Indeed, generalizations about human behavior, the object of cross-cultural research, cannot be done without a corpus of ethnography to analyze. eHRAF World Cultures (HRAF n.d.a), with paper precursors in the 1930s and 1940s, has facilitated comparative research. With these and other resources, cross-cultural researchers have made substantial progress testing theories about a wide variety of topics using existing databases. Results of such hypotheses tests on 10 or more societies are summarized for about 800 studies on HRAF’s new open-access database—Explaining Human Culture (HRAF n.d.c.)— we estimate that we have covered about half of the existing studies to date. (Previous summaries of cross-cultural findings can be found in Levinson and Malone 1980, Ember and Levinson 1991). In comparison, cross-archaeological research is in its infancy (for some exceptions see work by Peregrine 2017 and Peregrine, Ember and Ember: 2004, 2007); most archaeologists use ethnographic analogy to help make inferences about the past M. Ember and Ember (1995) and Peregrine (2001, 2004) discuss how to use cross-cultural data more effectively for making archaeological inferences.
The present online database, eHRAF World Cultures, now contains the finely subject-indexed full text of almost 6000 primary ethnographic and ethnological documents for over 310 cultures with additional detailed systematic classificatory metadata at the paragraph, page and document level added by HRAF staff analysts. At the present time, access to eHRAF World Cultures (and for the companion eHRAF Archaeology (HRAF n.d.b.) with almost 100 traditions and about 2500 documents is through two fairly conventional web applications, currently accessed by over 500 academic libraries and research centers. Both databases were voted by Choice Magazine (a division of American Library Association) as two of the “Top 10 Internet Resources” in 2015.
Despite the awards, we must do much more to enhance the research potential of these databases. To be sure, the eHRAF World Cultures database is far faster and easier to use than its microfiche and paper predecessors (eHRAF Archaeology has only existed online), but there is presently little one can do directly with a given set of results other than read and process hundreds to thousands of pages of text in a conventional scholarly fashion, much as one worked with the original cellulose technology.
The databases have a long history dating from the 1930s and have undergone a number of technological innovations and transformations detailed in Ember (2012) and summarized below.
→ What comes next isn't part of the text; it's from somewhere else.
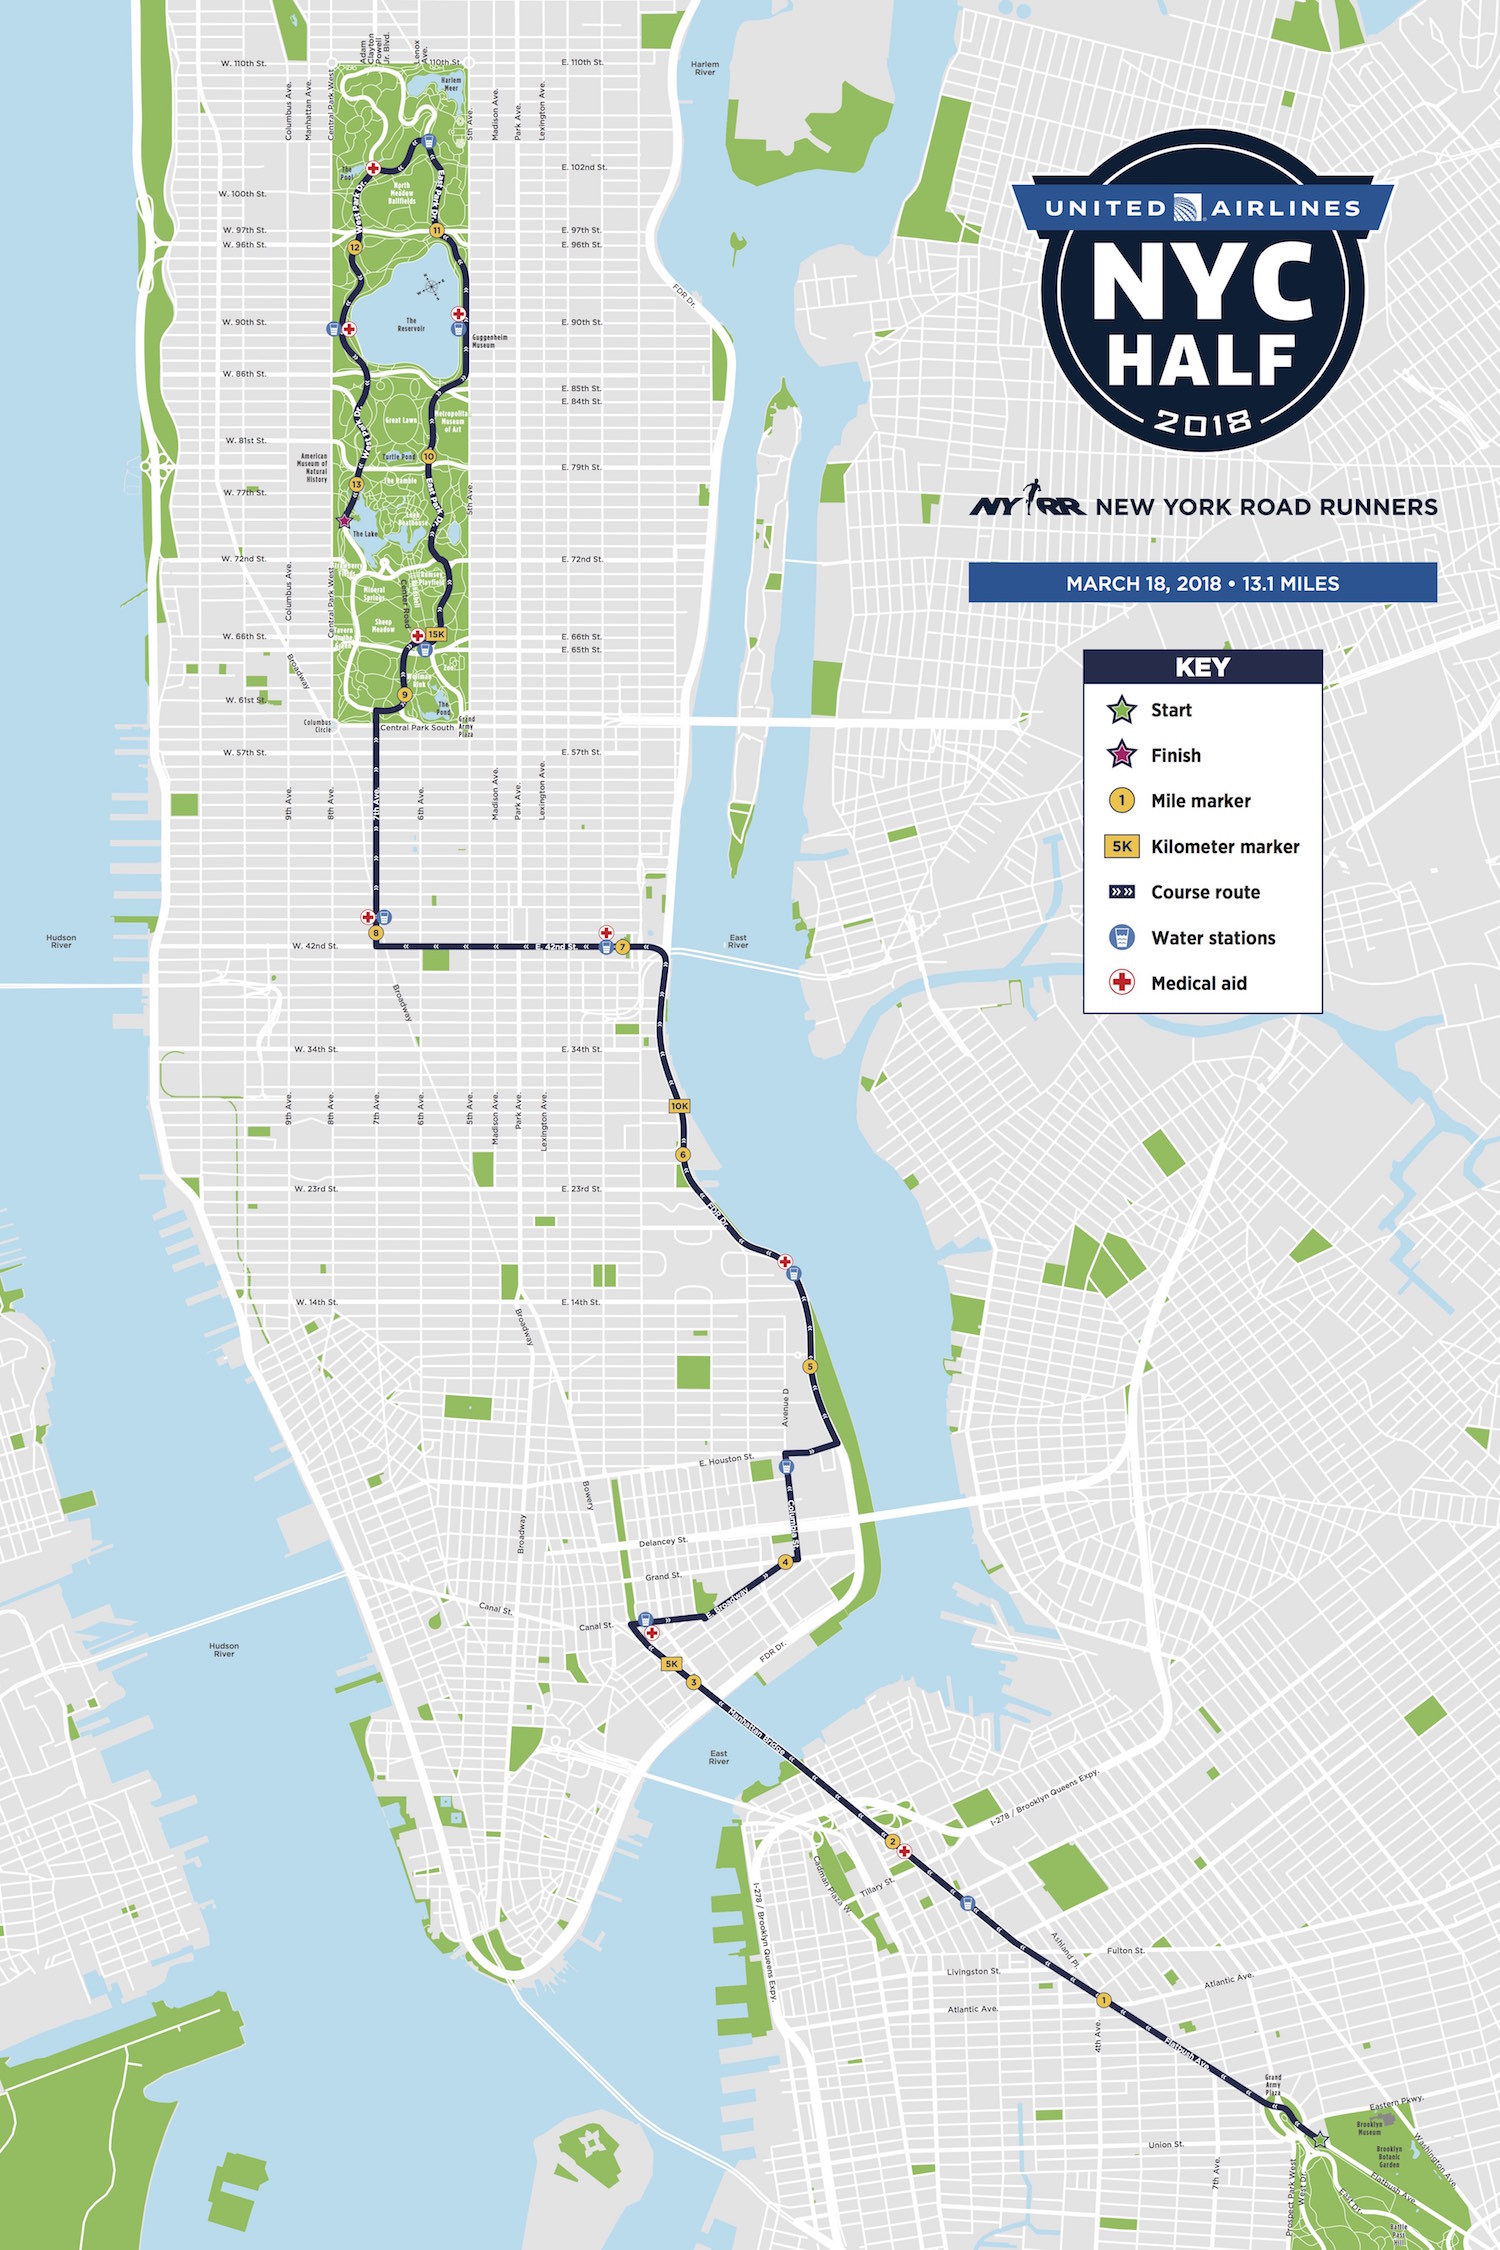 Tribeca Citizen NYC Half Marathon to Bypass Lower Manhattan

This paper outlines our development plans for a new major transformation that has three major goals: 1) to use computer technologies to expand capacity to find relevant information by researchers based on enhanced semantic and structural metadata, with and without specialized training; 2) to develop auto-classification and auto-coding services to greatly improve capacity to analyze content; and 3) to establish a services framework to support conventional and new methods of describing, summarizing, visualizing and analyzing data.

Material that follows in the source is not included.